Ticker

6/recent/ticker-posts

Header Ads Widget

130 Bencana Alam Terjadi Selama Juli, Banjir Masih Mendominasi

Data bencana yang terjadi di periode Juli 2021. sumber: bnpb

SuaraTani.com – Jakarta| Sebanyak 130 bencana alam terjadi selama periode Juli 2021. Badan Nasional Penanggulangan Bencana (BNPB) mencatat bencana hidrometeorologi masih mendominasi, seperti banjir, angin puting beliung dan tanah longsor.  

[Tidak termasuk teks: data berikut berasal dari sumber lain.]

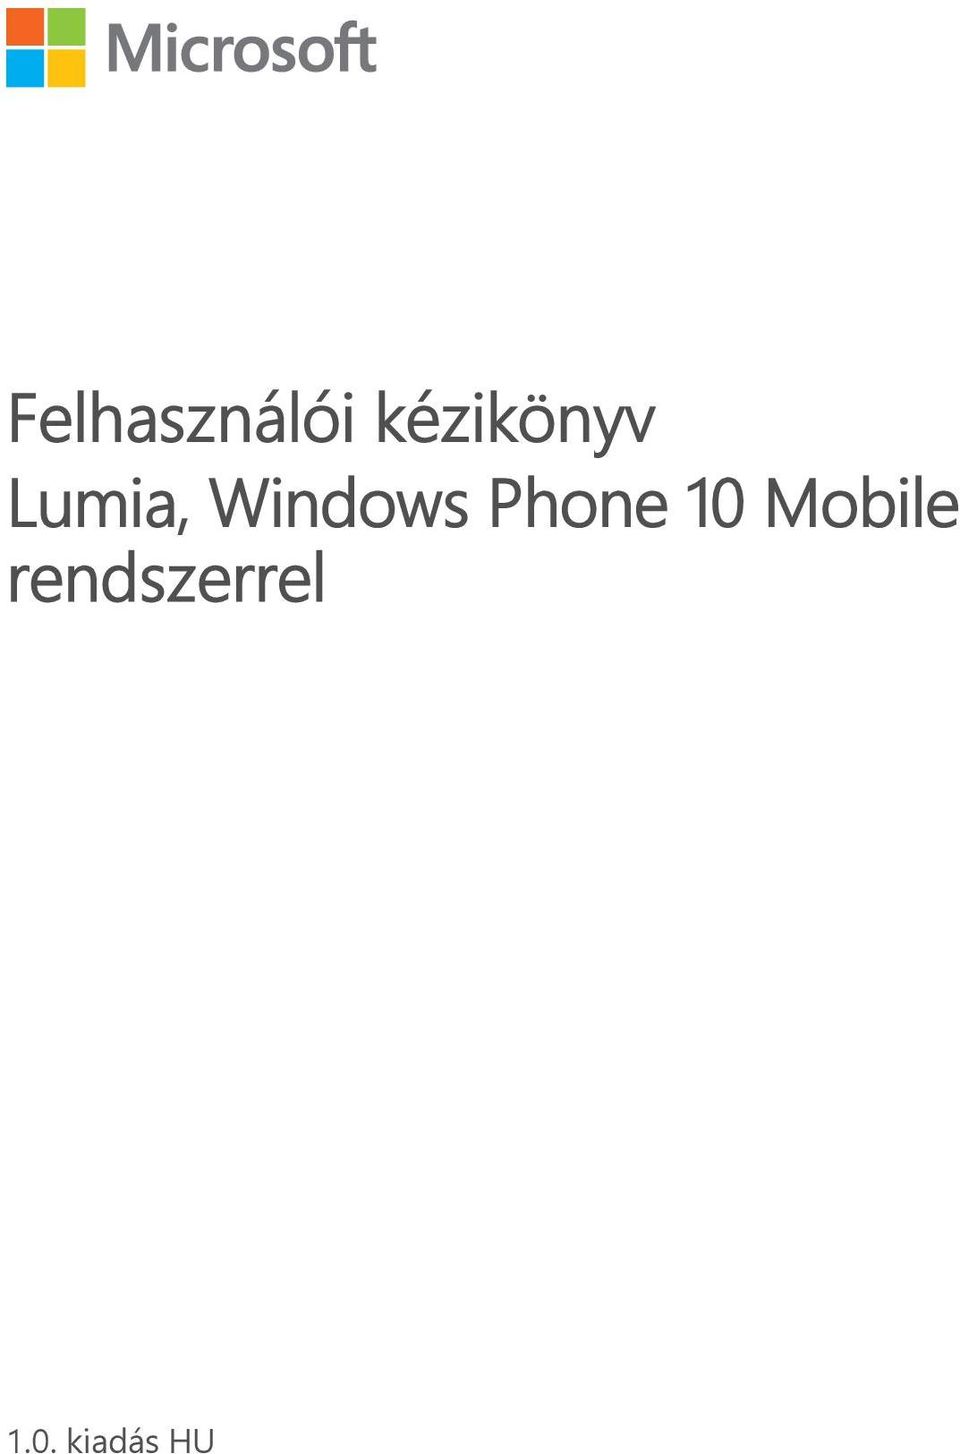 Felhasználói kézikönyv Lumia, Windows Phone 10 Mobile rendszerrel - PDF  Free Download

“Sejumlah kejadian bencana tersebut telah berdampak pada jatuhnya korban jiwa, kerugian harta benda maupun kerusakan fasilitas umum,” kata Plt. Kepala Pusat Data, Informasi dan Komunikasi Kebencanaan BNPB, Abdul Muhari, dalam siaran persnya, Selasa (3/8/2021), di Jakarta.

Dikatakannya, data  BNPB mulai tanggal 1-31 Juli 2021  kejadian bencana tertinggi yaitu banjir dengan 53 kali, disusul dengan kebakaran hutan dan lahan (karhutla) 42, angin puting beliung 22, tanah longsor 11, gempa 1 dan kekeringan 1. 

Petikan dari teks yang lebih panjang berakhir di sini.